THE TASK
Copy each line below exactly as it appears. Pictures are to be omitted.

[DATA EXTRACT — start]

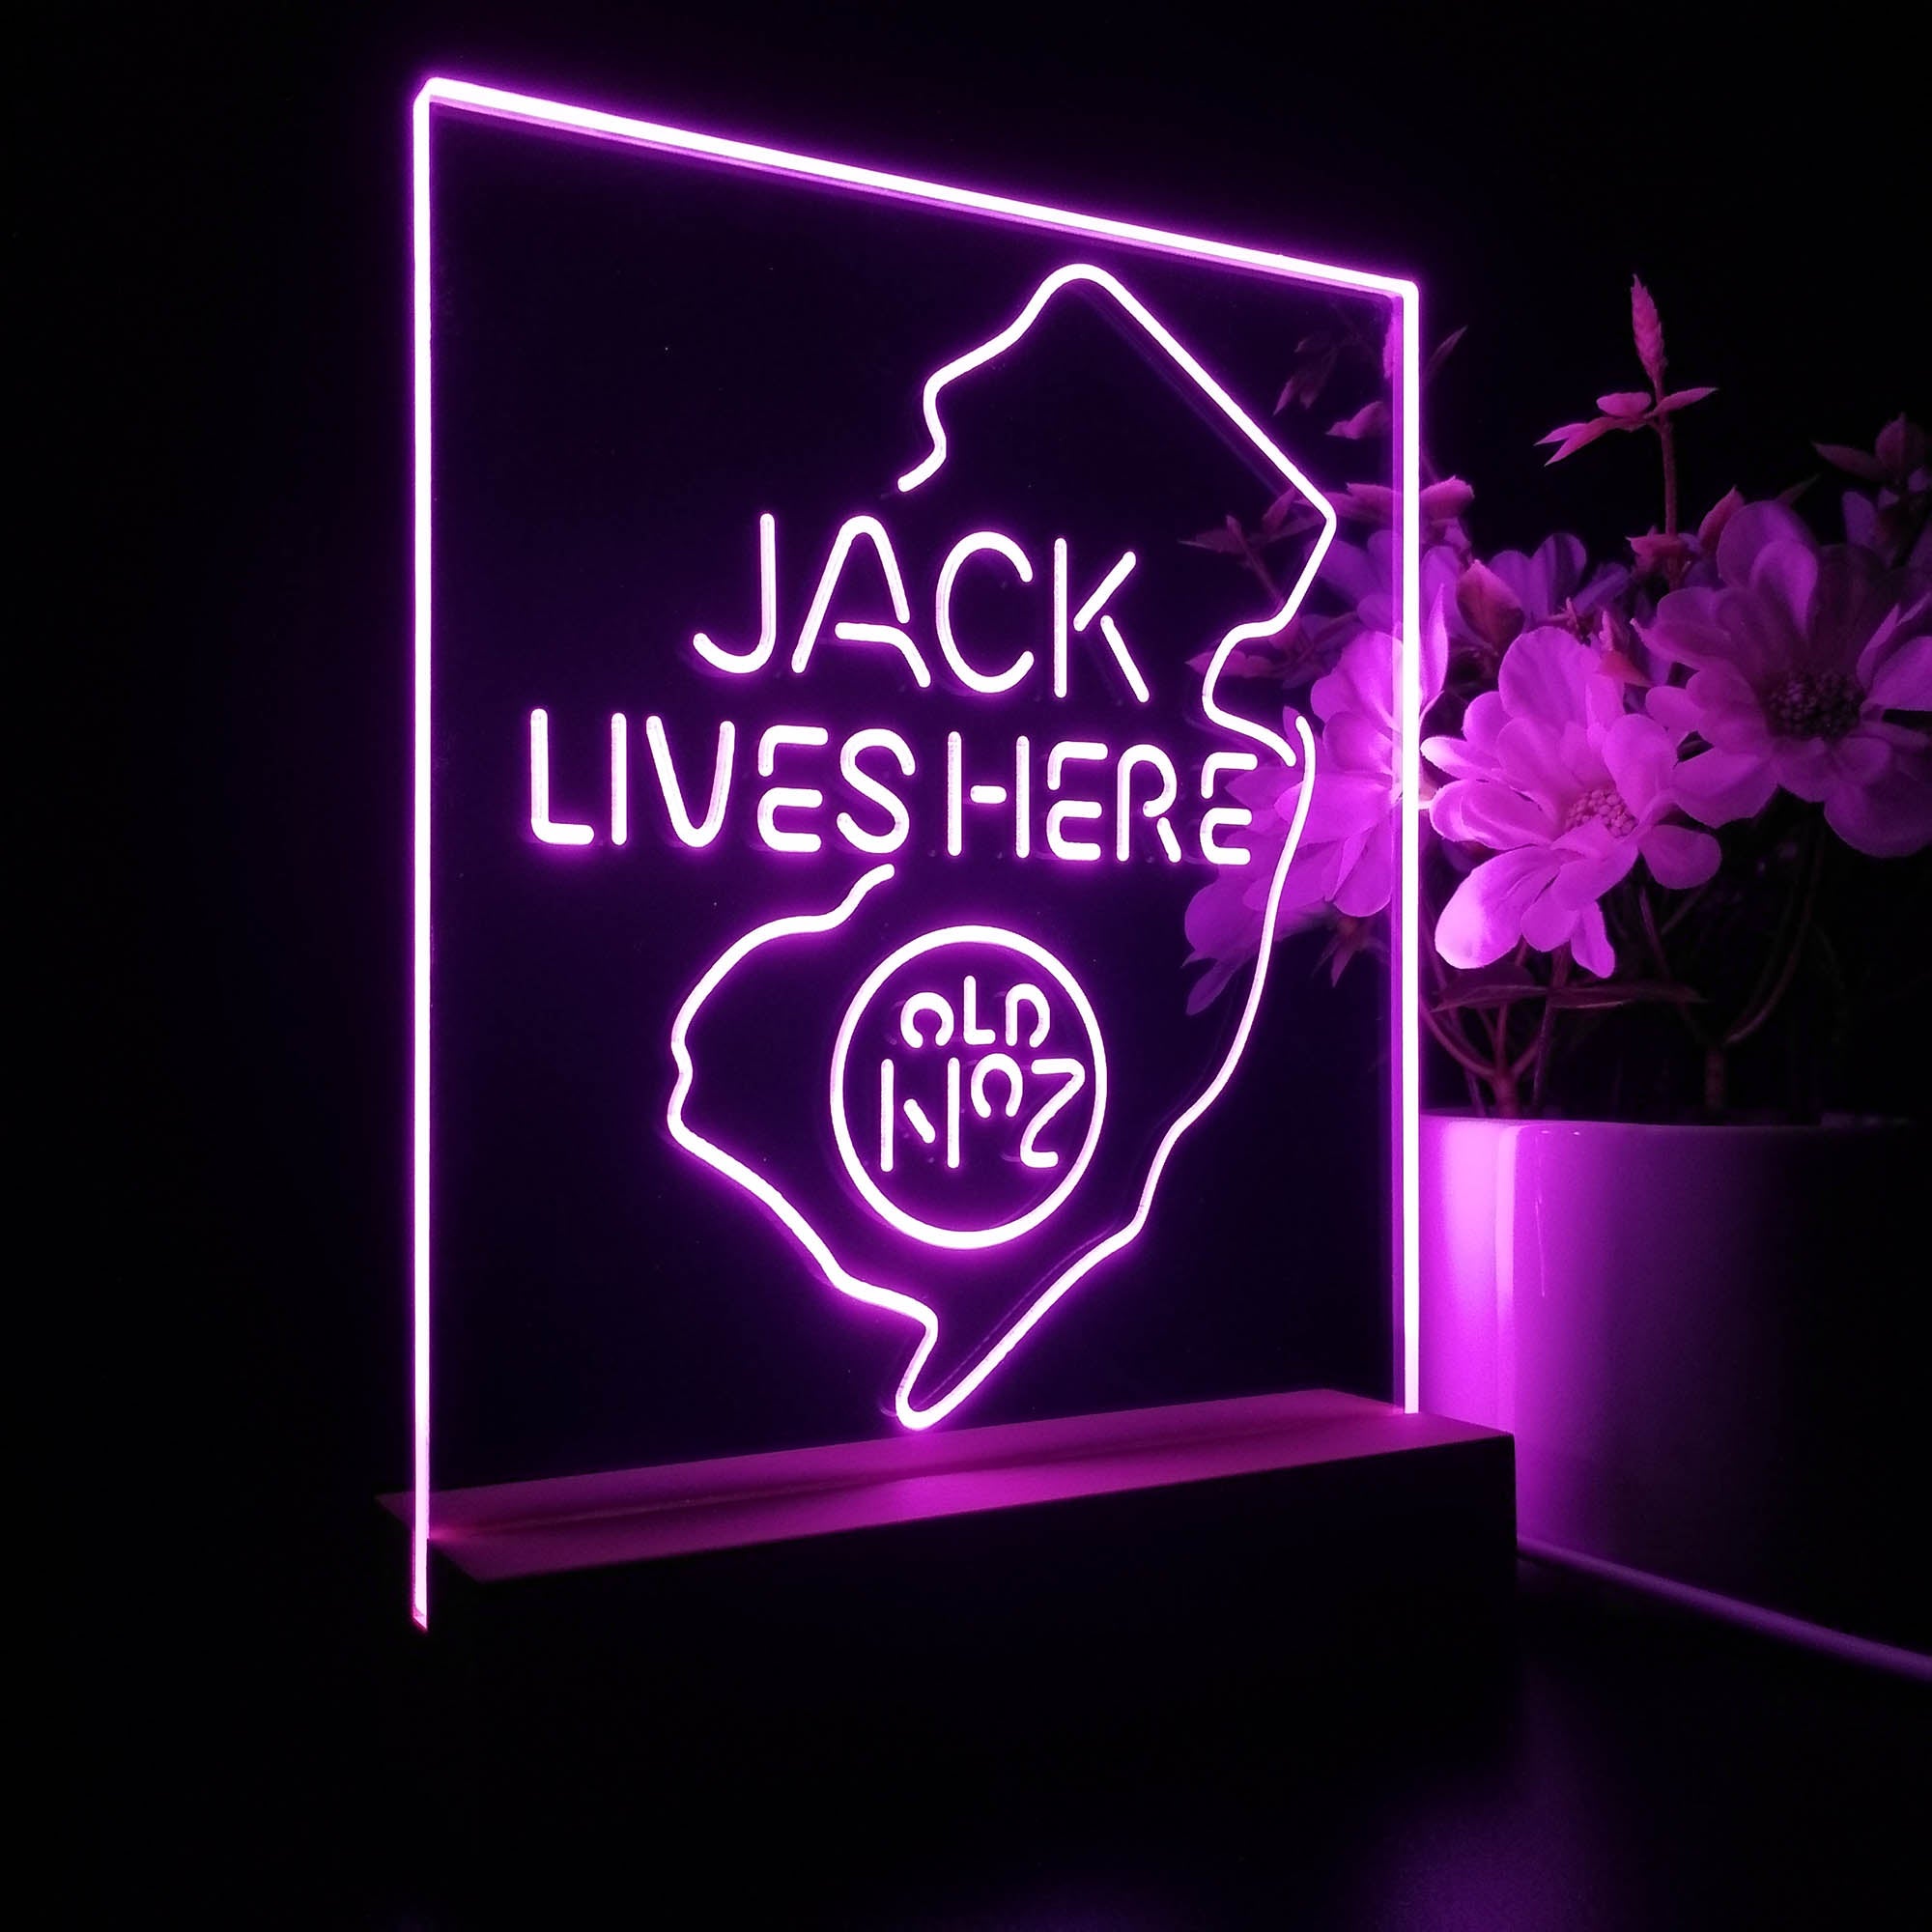 New Jersey Jack Lives Here 3D LED Illusion Night Light Table Lamp
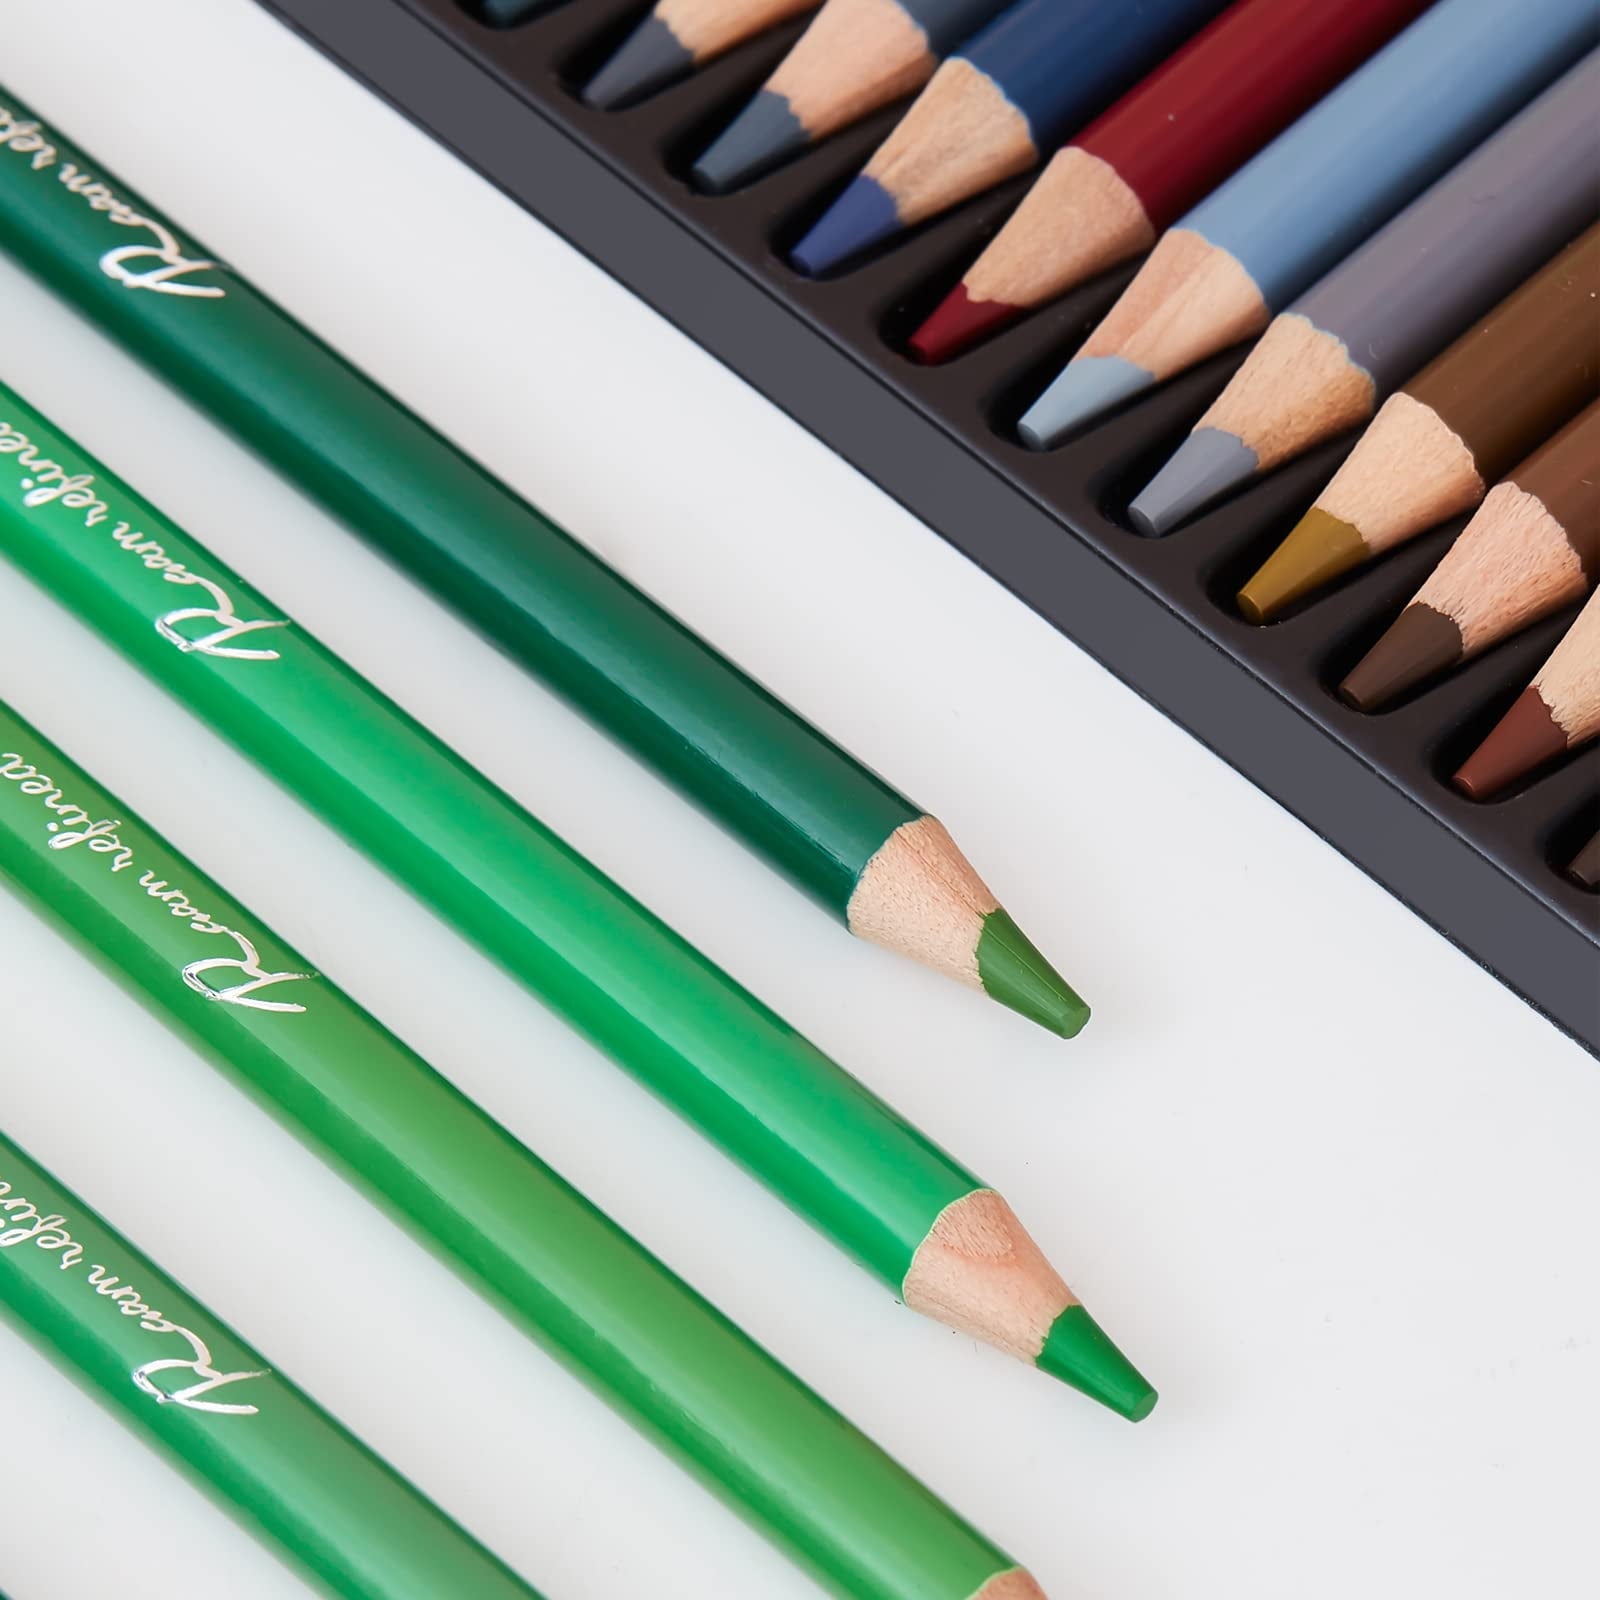 RAAM REFINED Premier Colored Pencils 180 Count Only $33.99 (Reg. $70)
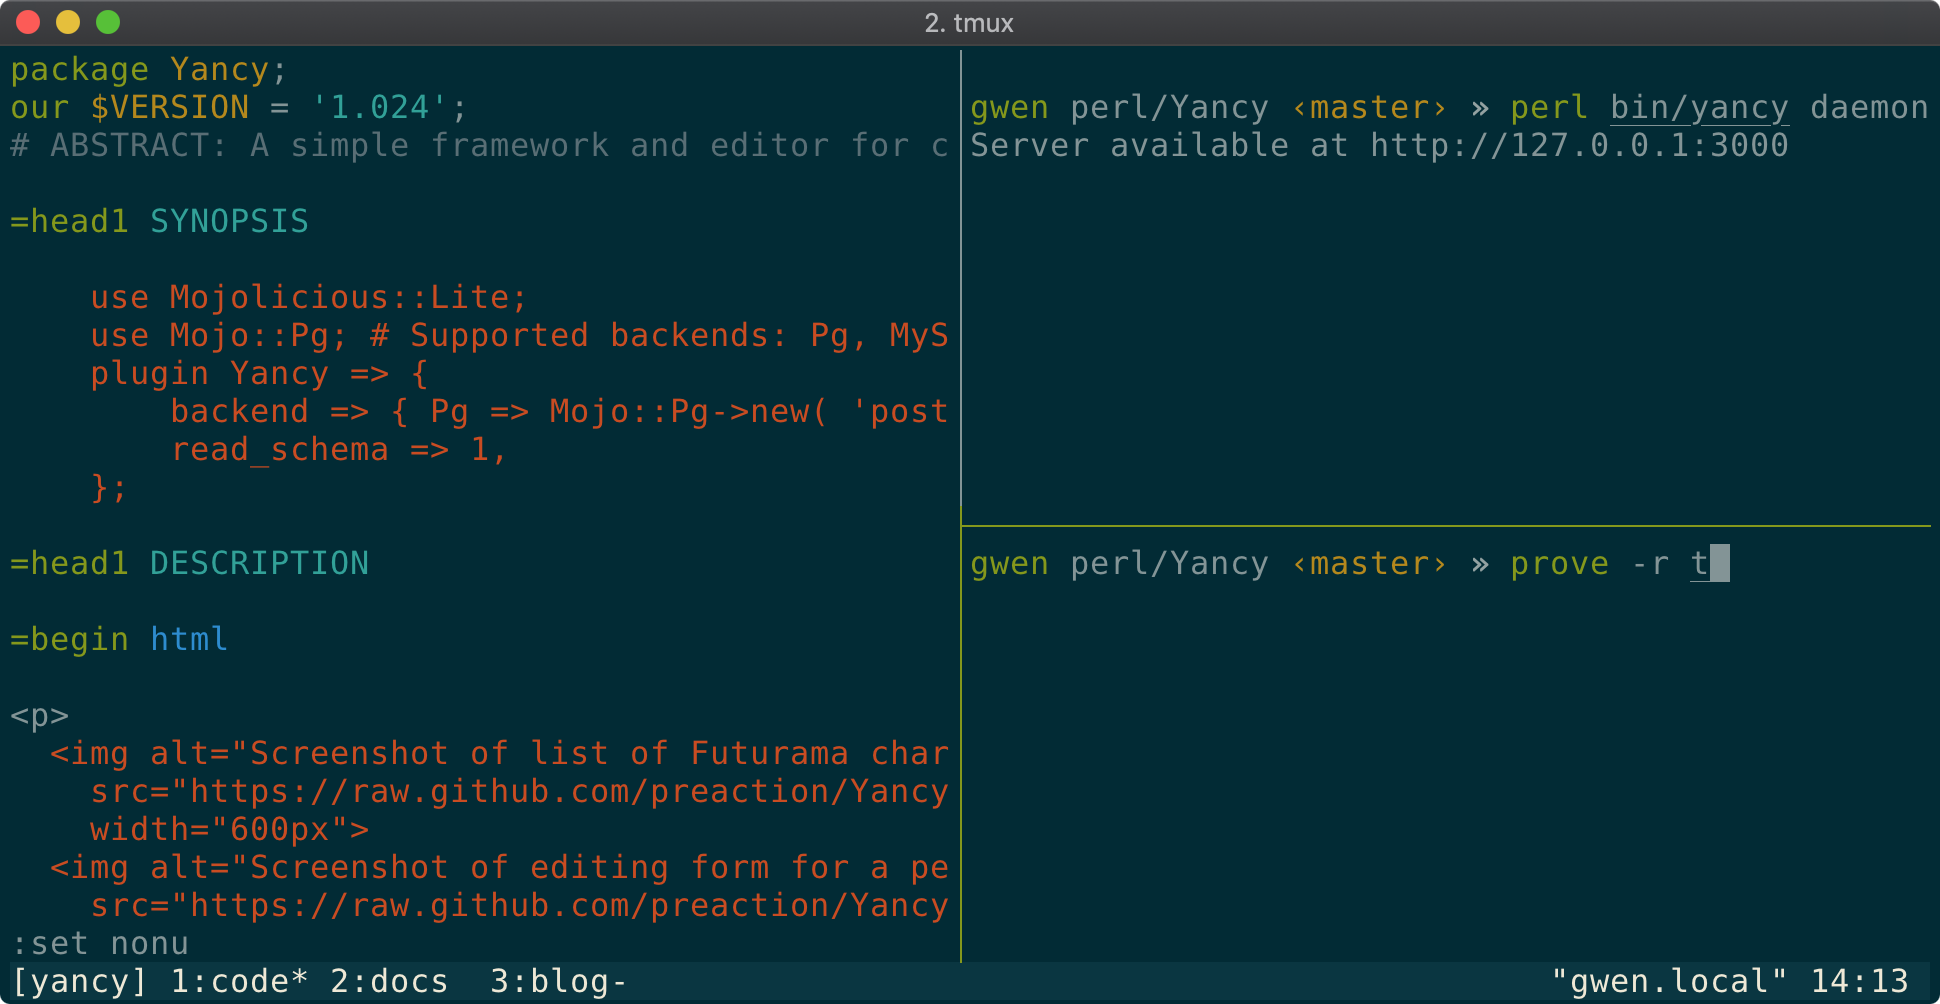 A Tmux window showing three panes with Vim and other commands running

[DATA EXTRACT — finish]

RESULT FOR THIS TASK
 New Jersey Jack Lives Here 3D LED Illusion Night Light Table Lamp
 RAAM REFINED Premier Colored Pencils 180 Count Only $33.99 (Reg. $70)
 A Tmux window showing three panes with Vim and other commands running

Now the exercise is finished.